# Classical Entropy Measures

====Introduction====

Classical entropy quantities are a way to quantify how much information is revealed in a random event. Shannon first introduced a way to quantify information by associating to an event occuring with probability p, an amount of information -\log p (as is standard in information theory, logarithms are taken in base 2 and so information is measured in bits). If an unlikely event occurs, one gains a large amount of information. The Shannon entropy is the average amount of information gained by observing the outcome of an event. In some cases, in particular ones relevant to cryptography, the average amount of information is not a good quantity, since it assumes many independent repetitions of the same experiment.

##### Random Events

When we discuss random events, we assume that they occur according to a pre-defined ensemble of possible outcomes of that event, and associated probabilities. Event X is a single instance drawn from the ensemble \{0,1,\ldots,|X|\} with probabilities \{p_0,p_1,\ldots,p_{|X|}\}. We call this probability distribution P_X. The terminology X=x refers to a single instance drawn from this distribution taking the value x. One similarly defines distributions over more than one random variable. For instance, P_{XY} is the joint distribution of X and Y, and P_{X|Y=y} is the distribution of X conditioned on the fact that Y takes the value Y=y.

##### Shannon Entropy

It was Shannon who pioneered the mathematical formulation of information. In essence his insight was that an event that occurs with probability p could be associated with an amount of information -\log p. Consider many independent repetitions of random event X. The average information revealed by each instance of X is given by the Shannon entropy of X defined as follows.

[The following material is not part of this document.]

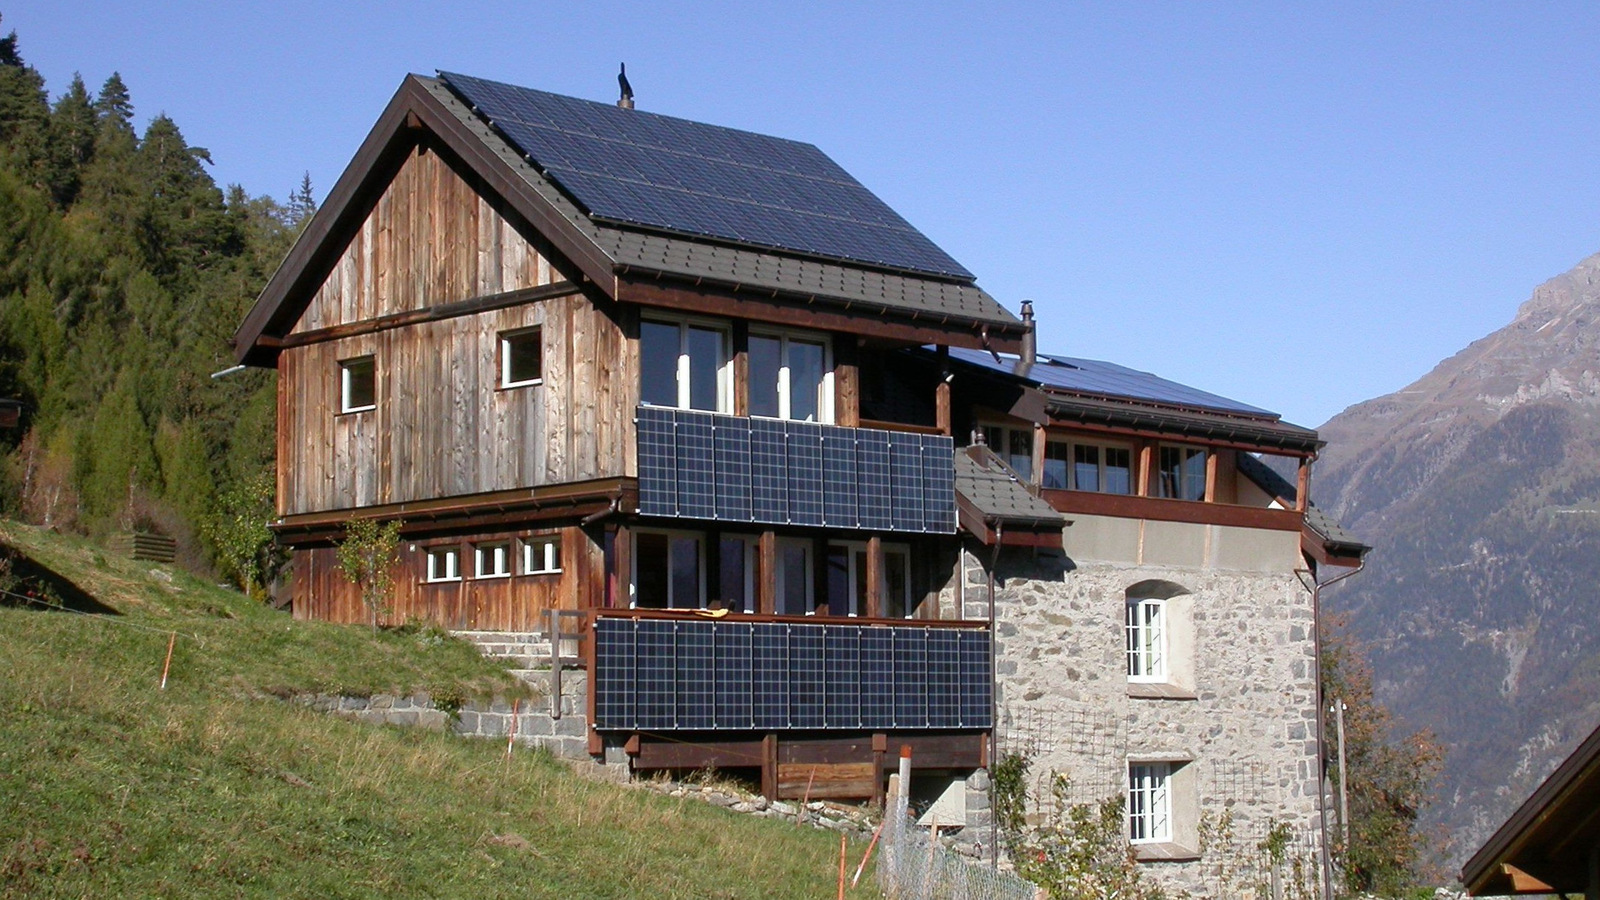 Kostal rät: Investition in eine Photovoltaikanlage nicht aufschieben

The Shannon entropy associated with an event x drawn from random distribution X is H(X)\equiv\sum_{x\in X}-P_X(x)\log P_X(x).

Likewise, one can define conditional Shannon entropies. H(X|Y=y) denotes the Shannon entropy of X given Y=y. It measures the average amount of information one learns from a single instance of X if one possesses string y\in Y, where X,Y are chosen according to joint distribution P_{XY}. One can average this quantity to form H(X|Y), the conditional Shannon entropy.

The conditional Shannon entropy of an event X given Y is defined by H(X|Y)\equiv\sum_{x\in X, y\in Y}-P_Y(y)P_{X|Y=y}(x)\log P_{X|Y=y}(x).

This leads one to define the mutual Shannon information between X and Y by I(X:Y)\equiv H(X)-H(X|Y)=H(Y)-H(Y|X). In some sense, this is the amount of information in common to the two strings X and Y.

Shannon information was first used to solve problems of compression, and communication over a noisy channel, as given in the following theorems.

Source coding theorem : Consider a source emitting independent and indentically distributed (i.i.d.) random variables drawn from distribution P_X. For any \epsilon>0 and R>H(X), there exists an encoder such that for sufficiently large N, any sequence drawn from P_X^N can be compressed to length NR, and a decoder such that, except with probability <\epsilon, the original sequence can be restored from the compressed string.

Furthermore, if one tries to compress the same source using R bits per instance, it is virtually certain that information will be lost.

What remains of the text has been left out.